What about the choice of saying yes? Especially if it means experiencing pain and overcoming challenges? Choosing to say yes can come at a time when we are at our weakest and crying out to God.

Several years ago, our family experienced one painful crisis after another—my husband and I lost our fathers a year apart, my mother needed another cardiac stent, our oldest son wrestled with some issues in college, and then after finishing his freshman year of college, our youngest son came home with a cold, which turned into bronchitis, then pneumonia and a secondary infection that started shutting down his organs. 
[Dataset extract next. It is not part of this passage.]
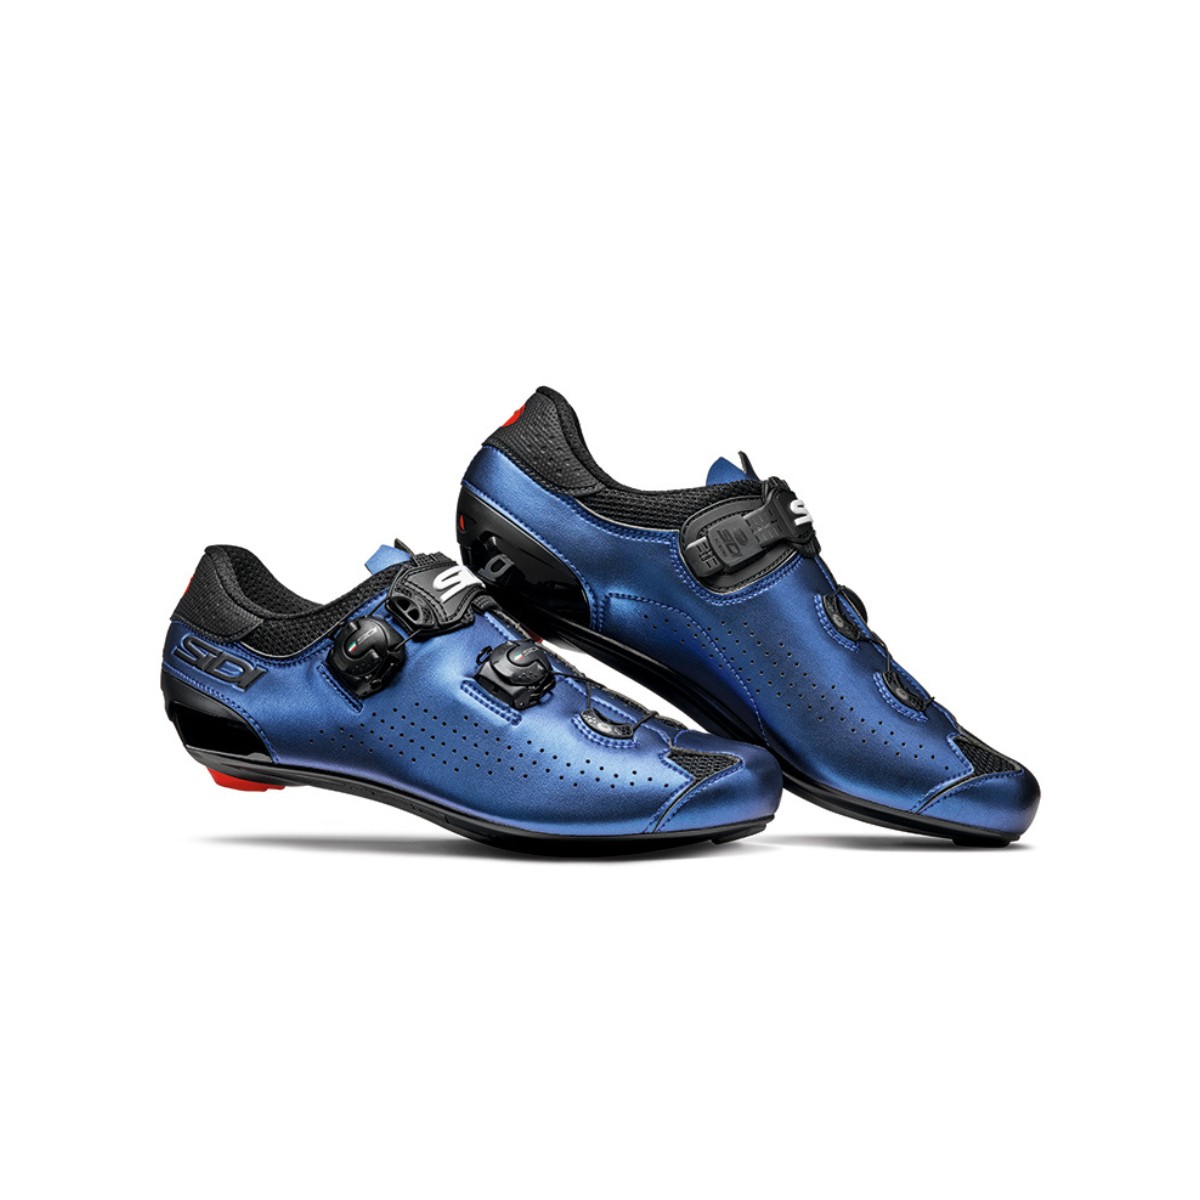 sidi chaussures sixty noir bleu - chaussures de cyclisme pour hommes, taille 41 - eur uomo

He ended up being taken by ambulance to a hospital three hours from our home where his medical team did more tests than we could count to figure out what was wrong.   
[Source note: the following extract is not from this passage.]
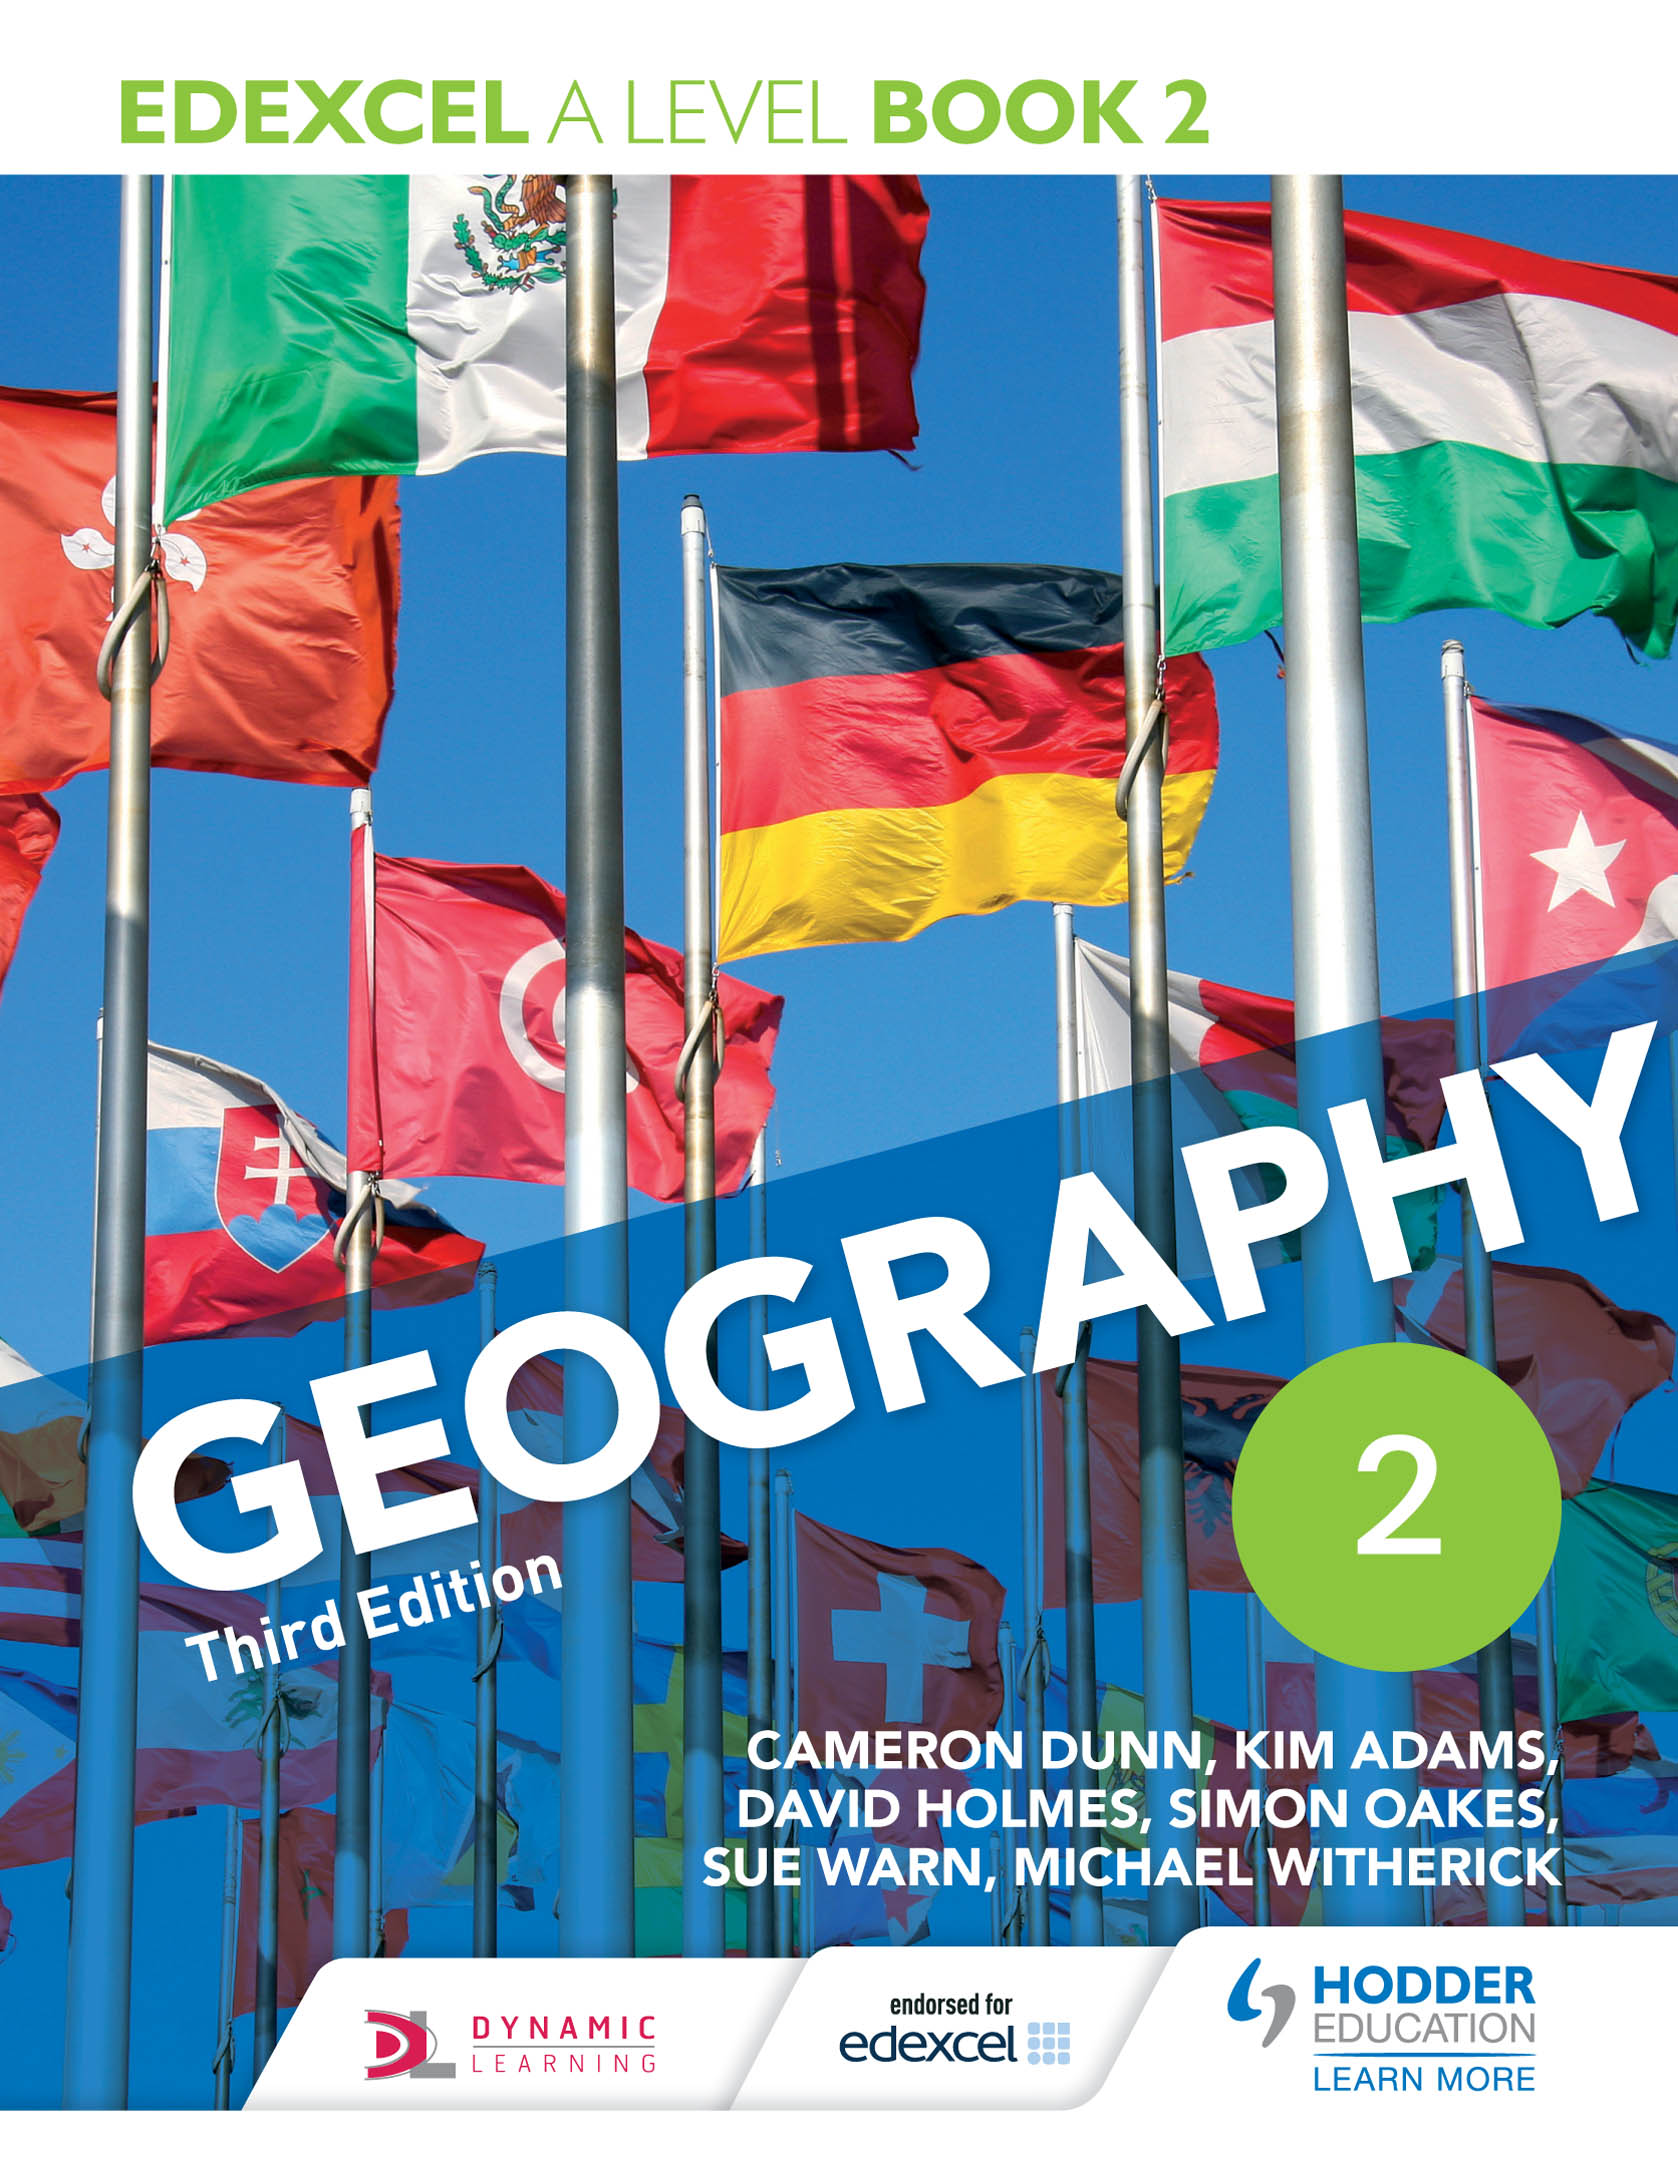 [DESCATALOGADO] Edexcel A level Geography Book 2 Third Edition

While sitting in a recliner next to his bed in the early hours of the morning, tears streamed down my face as I muffled my cries and pleaded with God for his healing. I begged Facebook friends around the world for prayers. I had a book due to my editor that week, but I couldn’t focus due to living my worst nightmare. 

As I listened to alarms going off in other rooms, footsteps hurrying down the halls, the hissing of my son’s oxygen that helped him to breathe, I felt this sudden warmth envelop me as if someone had pulled a cozy blanket warmed in the dryer and wrapped it around me. 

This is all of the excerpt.